I don't doubt both sides have papers. I do find that gender socialization is generally well documented. And that this is built upon innate variations in the children themselves that just happen not to segregate by sex.

This is at a young age, but shown how parents model and define what a sex ought to play with. What is implied is that people do this to the two sexes from birth and soon boys think they ought not to play with dolls because no one had, after all, even offered him one, while he keeps getting the footballs handed to him. What I talk about is letting the boy have NOT ONLY the football but the doll as well.

The point is, this merely *starts* in infancy -- it continues along the same sexist gender steroetyped way for most kids. Until boys run from girl-typed things because they were conditioned to react that way. That is not a conditioning that respects the other sex, btw.

Other claims regarding toy choice are like those in the book Brain Sex, that boys don't play with girl-typed toys as much as with boy-typed toys (as we have seen, this is not innate choice, but heavily socialized). When boys play with a doll, the claim is that this is often to turn the doll into an action hero (Brain Sex, pg. 60) or take it apart to see how it works. However, this isn't quite the whole story (a common flaw in nature-only type arguments).

"It's often to turn it into an action hero" because, as the studies I cited showed, that is 1)modeled to them as what they ought to do, and 2)the only sort of play with them which is supported by parents.

For point 2, the references are:

Langlois and Downs (1980) "Mothers, fathers and peers as socialization agents of sex-typed play behaviors in young children" Child Development, 51, 1237-1247 showing that when 3 to 5 year olds were presented with masculine and feminine toys and asked to play with them in a sex appropriate manner, parents punished the opposite gender play. In other words, parents would reward the girls playing with dolls postively and take away or verbally discourage play with the masculine toys. A boy who had played a nurturing game with an action figure would get from peers, mothers and fathers, only disapproval for their *choice* of play type. Enough negative pressure, and you stomp this out of the boy. But the lack is not natural, it is socialized.

Now, a valid criticism here is the the researchers asked the kids to play with the toys, but I was seeking to support point 2. As far as choice in the first place, there are the earlier cites.

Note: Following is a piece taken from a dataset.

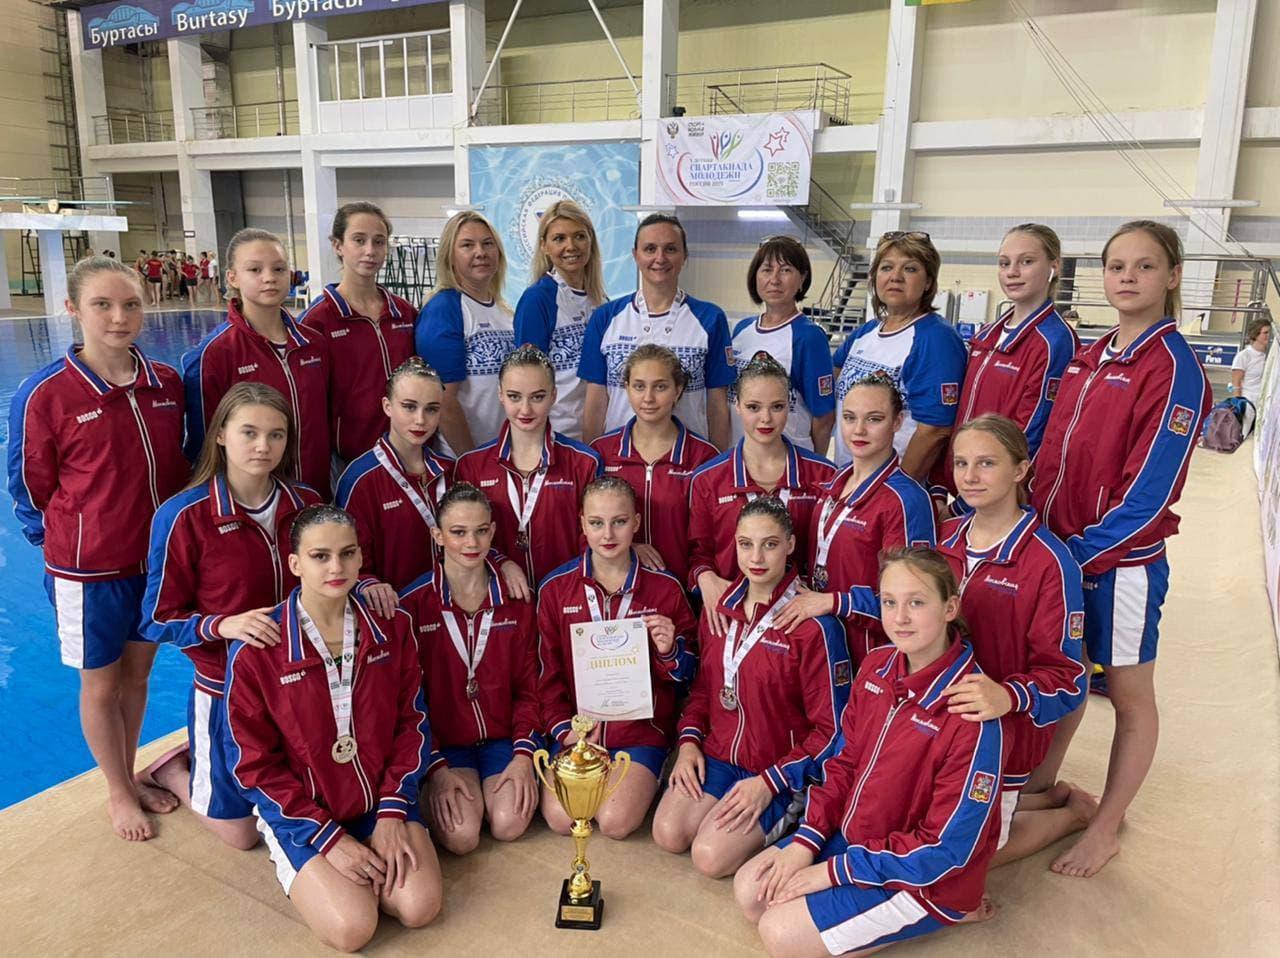 Сборная Подмосковья завоевала 40 медалей на Всероссийской Спартакиаде по синхронному плаванию

And, the fact that researchers who support sex-based gender differences such as Beverly Fagot also showed that parents, in the home, would punish boys for choosing feminine typed toys for play and punish girls for running, jumping, climbing and manipulating objects (such as pulling the head off a doll). In order to be punishable, the behaviors had to occur.

From as early as 12 months, children are encouraged to play with sex-typed toys and to avoid play activities labelled for the other sex -- even though the children spontaneously choose them in the first place! (Snow, Jacklin and Maccoby (1983), "Sex-of-child differences in father-child interactions at one year of age", Child Development, 49, 227-232.)

Boys will and do play with girl-labelled toys, even if what was labelled as a girl-toy was all of a balloon. But parents will discourage this expansion of play into the other sex-labelled toys, punish this, direct it to the only toys labelled for that child's sex and gender role. The only reason parents need to do all this work is because kids will otherwise choose toys and play that are outside the narrow gender role of boys-and-masculine and girls-and-feminine.


Some think there are different preferences evident from early ages.

Different preferences, sure. People differ, but these are not linked to sex until parents put on this socializing pressure to kids of both sexes, offering only certain toys, discouraging play with other- sex-typed toys that the child chooses and so on. This is shown in the studies I cite. There is no way any disapproval would be recorded unless the kids chose toys the parents view as for the other sex and not to be played with.